Reputation: 1363
how do i use structuremap to give me the same concrete type configured one of 2 different possible ways? For example, i have a class configured to listen to a user queue in one instance, but configured for a facility queue in another instance. Everything else about the object is the same.
I created the object to accept an enum in the constructor, and based on the enum value, the object will listen to either the facility queue or the user queue. So how do I configure structuremap to pass me the two differently configured objects of the same type? The class implements my interface, so it looks like this:
public class Configuration : IConfiguration {
public Configuration(enum configType) {
if (configType == enum.users) {
/* code */
} else if(configType == enum.facilities) {
/* code */
}
}
}
and then, i'm trying to setup the parent class to accept the configuration object twice, once configured for facilities, and once configured for users. How would I do this? I thought maybe I could do it based on when instance name of the two classes, but I can't find anything in the documentation or elsewhere that might explain how to do this. Here's what the parent class looks like:
public class Parent : IParent {
public Parent(IConfiguration facilityConfig, IConfiguration userConfig) {
}
}
So, in the parent class, I would want "facilityConfig" to be an instance of Configuration with enum.facilities passed in, while the "userConfig" object would be an instance of the same Configuration class, but with enum.users passed in. Let me know if what I'm asking doesn't make sense.
Upvotes: 3
Views: 2661
Reputation: 40596
One solution for this problem could be to have two separate configuration classes, instead of one that does the switch based on the enum
value.
You could define the IConfiguration
implementations like this:
public class UsersConfiguration : IConfiguration
{
/* code for user */
}
public class FacilitiesConfiguration : IConfiguration
{
/* code for facilities */
}
and then, in your container configuration you could use Ctor
to specify which types to resolve your constructor arguments to:
var c = new StructureMap.Container();
c.Configure(x =>
{
x.For<IParent>().Use<Parent>()
.Ctor<IConfiguration>("facilityConfig").Is<FacilitiesConfiguration>()

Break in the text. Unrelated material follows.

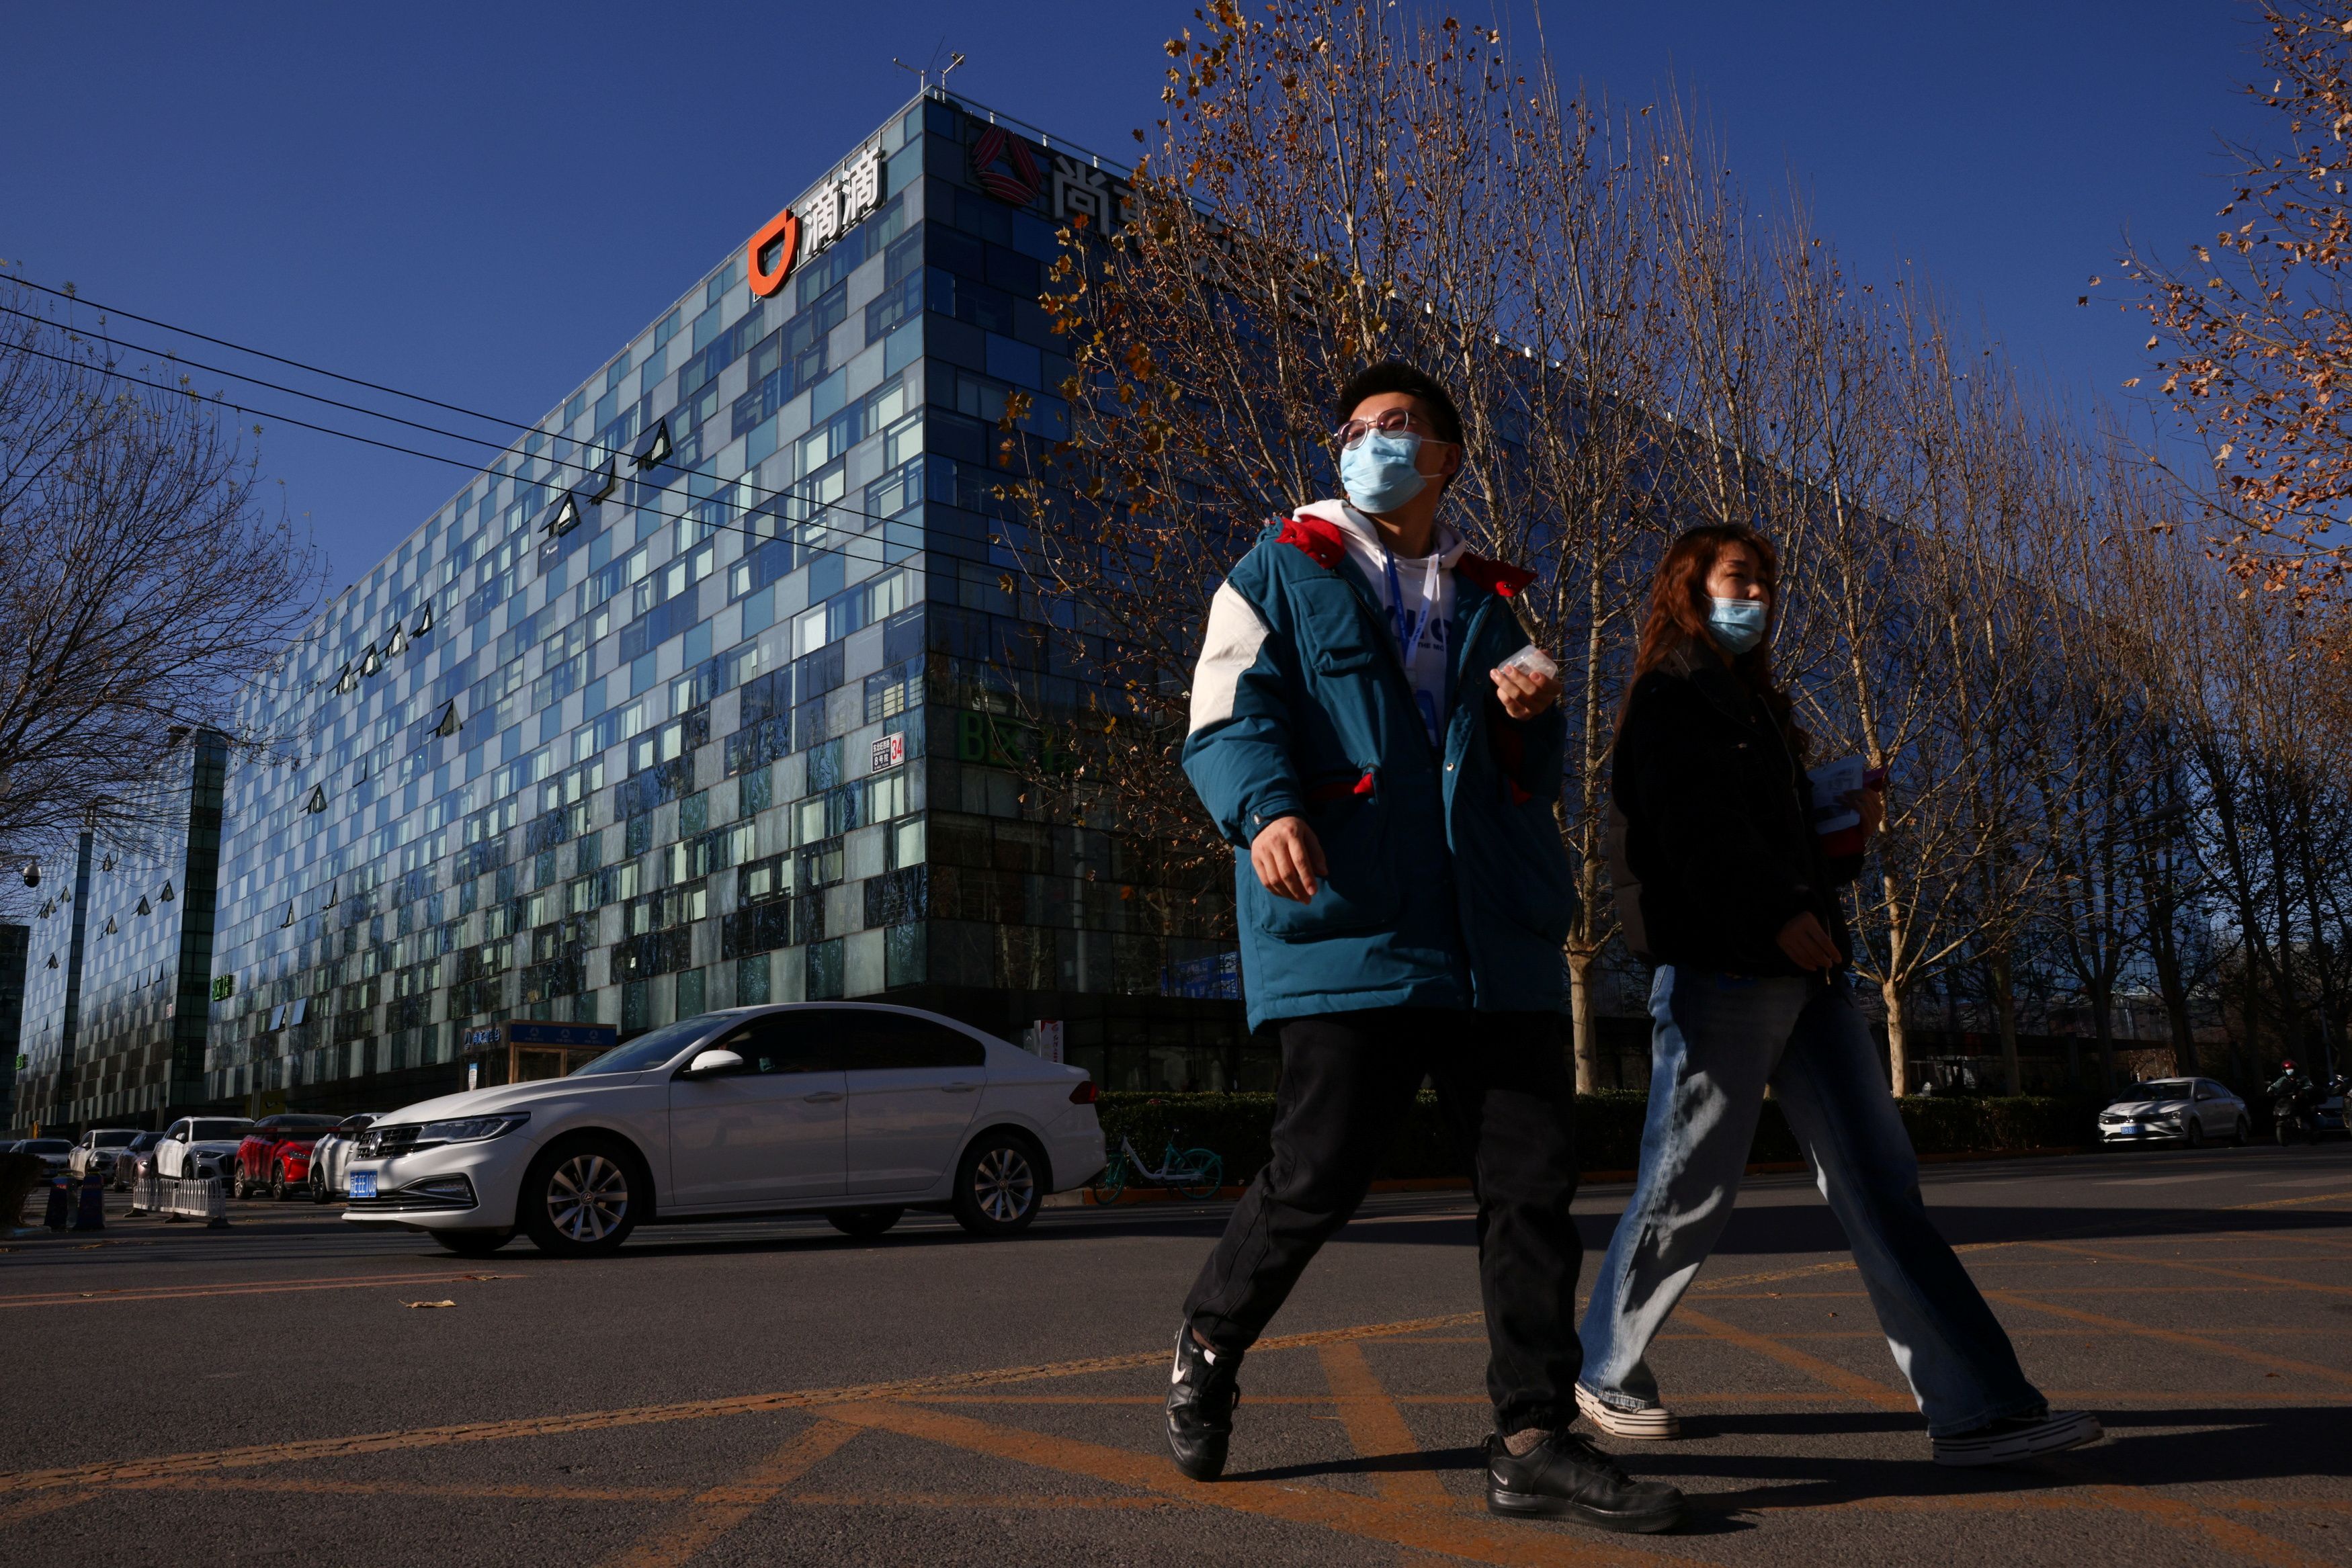 People walk past the headquarters of the Chinese ride-hailing service Didi in Beijing, China, December 3, 2021. REUTERS/Thomas Peter

.Ctor<IConfiguration>("userConfig").Is<UsersConfiguration>();
});
After this registration, you can create an IParent
instance:
var p = c.GetInstance<IParent>();
and notice that the two dependencies were correctly set by the container.
Update:
If having different implementations for IConfiguration
is problematic, then you can tell StructureMap exactly how to instantiate a Parent
:
var c = new Container(x =>
{
x.For<IParent>().UseSpecial(i => i.ConstructedBy(ConstructParent));
});
The ConstructParent()
method can be defined like this:
private static IParent ConstructParent()
{
return new Parent(
new Configuration(ConfigType.facilities),
new Configuration(ConfigType.users));
}
If you prefer, you can do this all in one shot:
var c = new Container(x =>
{
x.For<IParent>().UseSpecial(i => i.ConstructedBy(
_ => new Parent(
new Configuration(ConfigType.facilities),
new Configuration(ConfigType.users))));
});
However, in a case like this ("exactly the same apart from this one config value") I would prefer to extract the common definitions in a base (perhaps abstract) class and have two derivatives that only define the config value that differs.